Data extract:
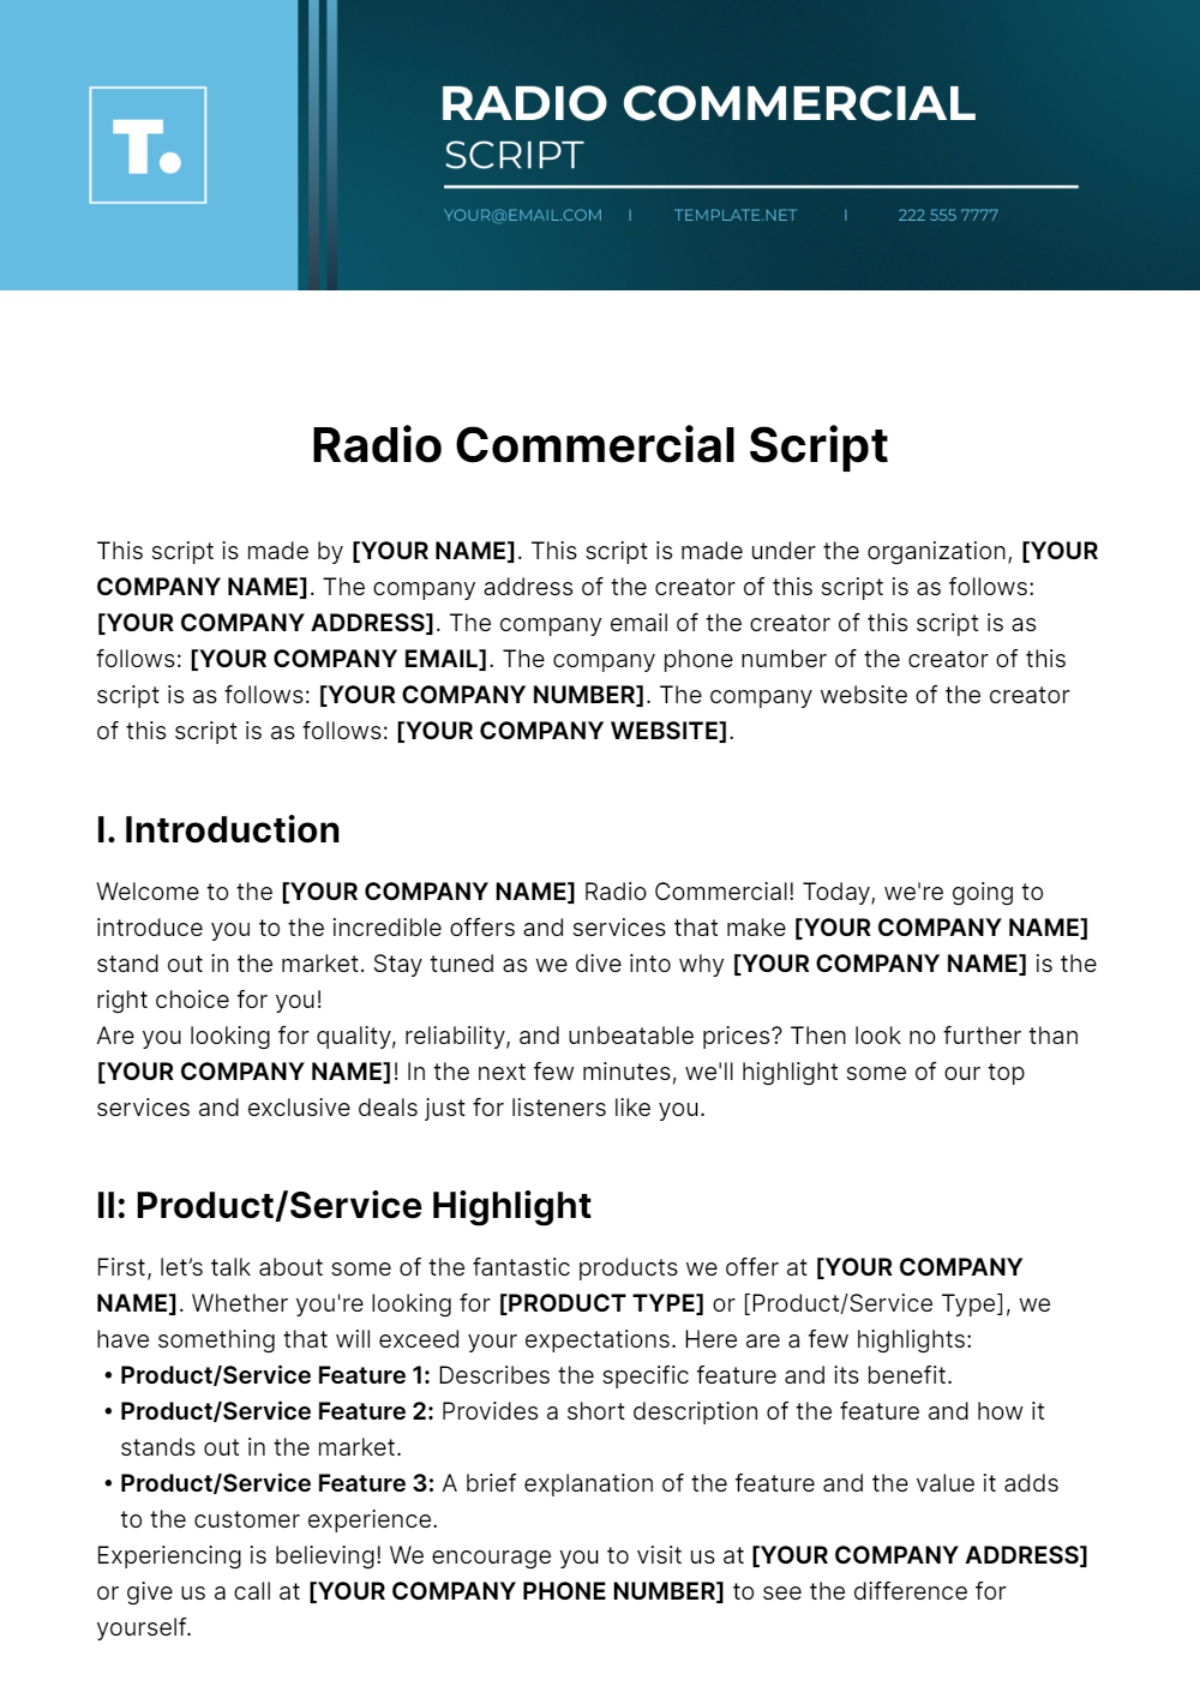 Radio Commercial Script Template
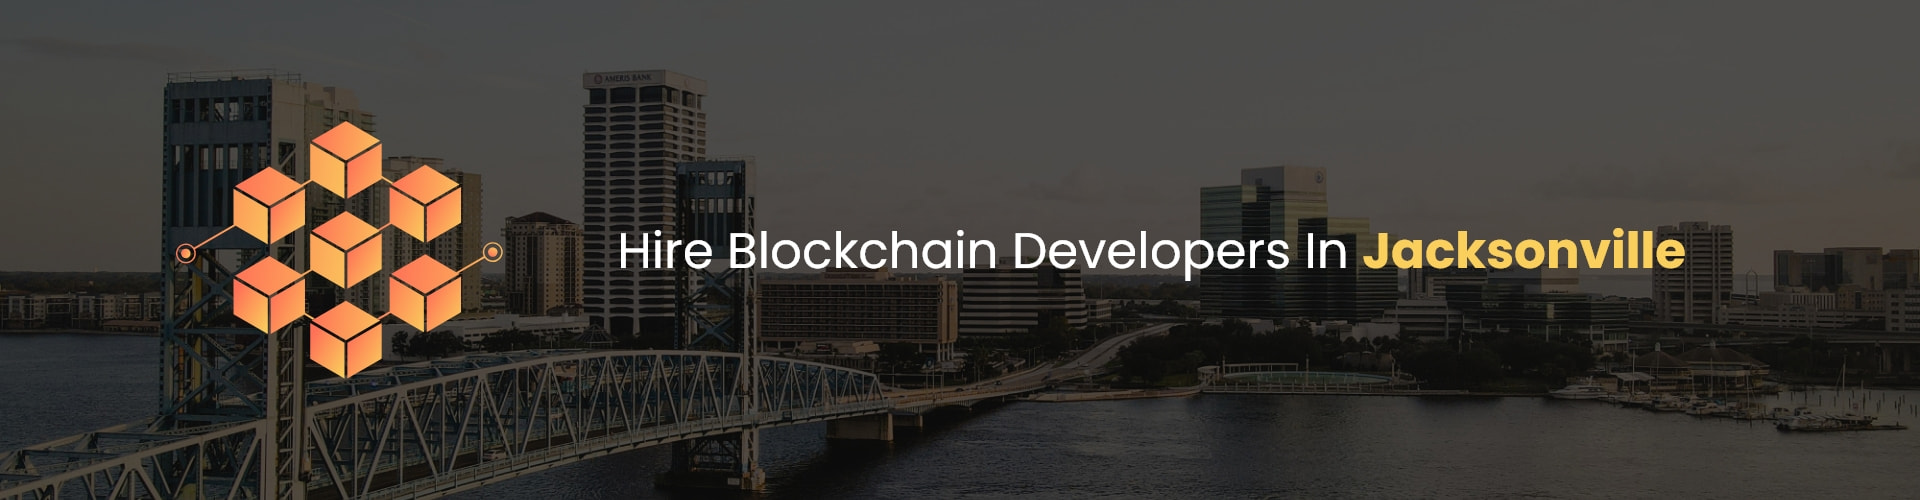 hire blockchain developers in jacksonville
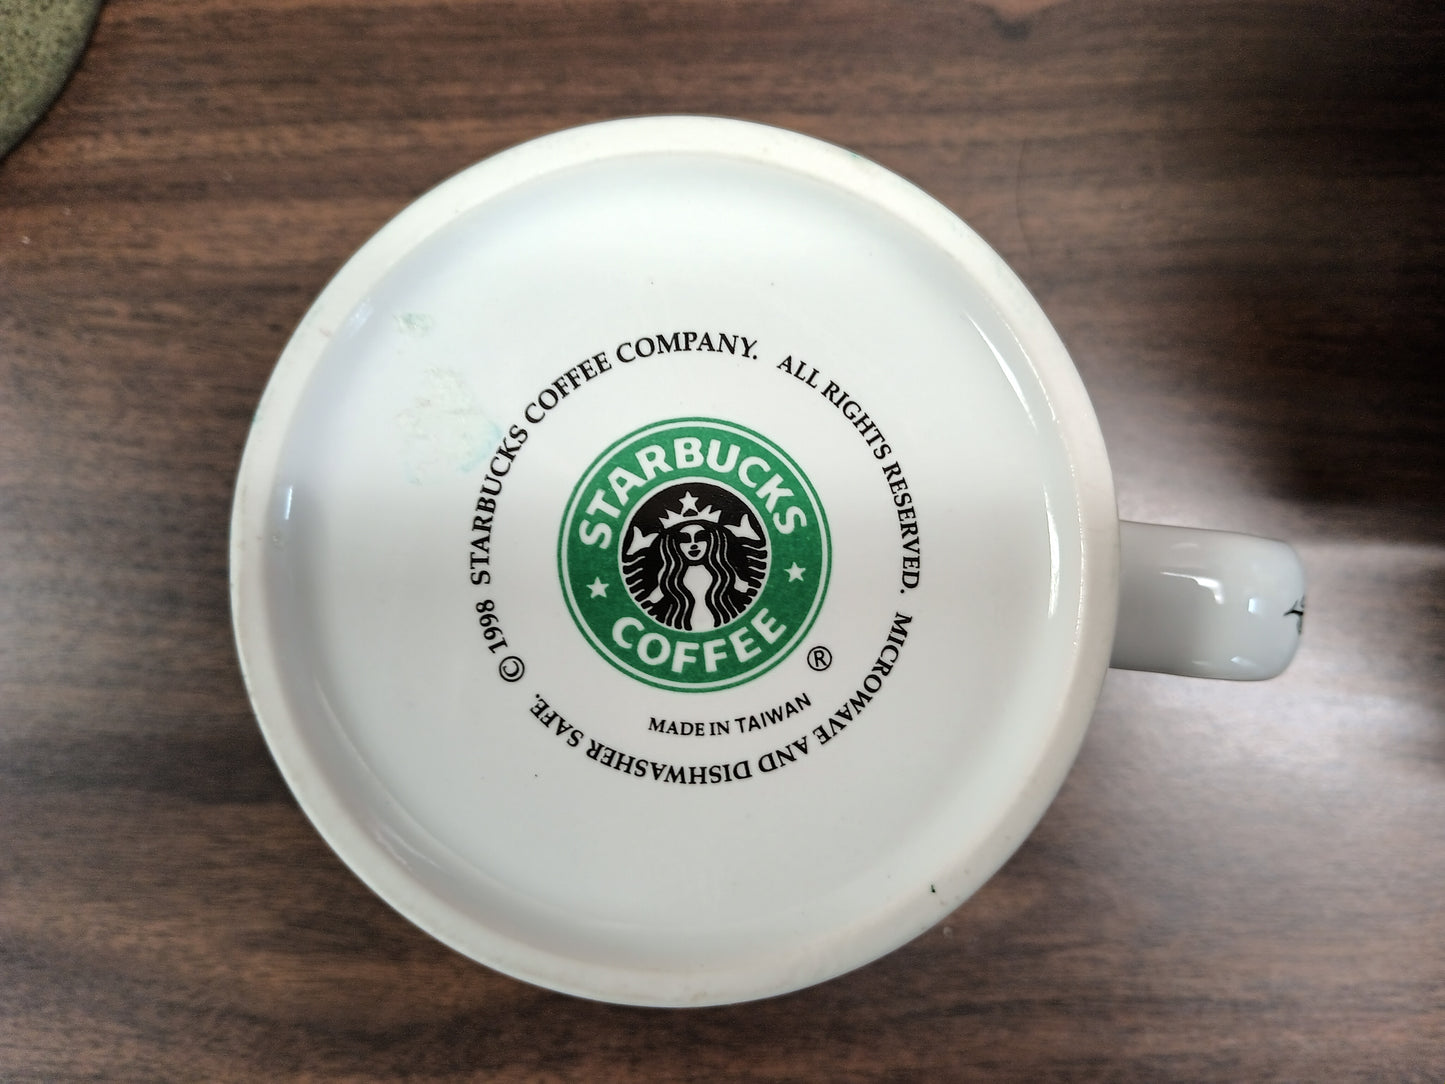 Starbucks Miami Mug

Exercise instructions: Minus its pictures, the full listing should be copied verbatim.

Result of the task:
 Radio Commercial Script Template
 hire blockchain developers in jacksonville
 Starbucks Miami Mug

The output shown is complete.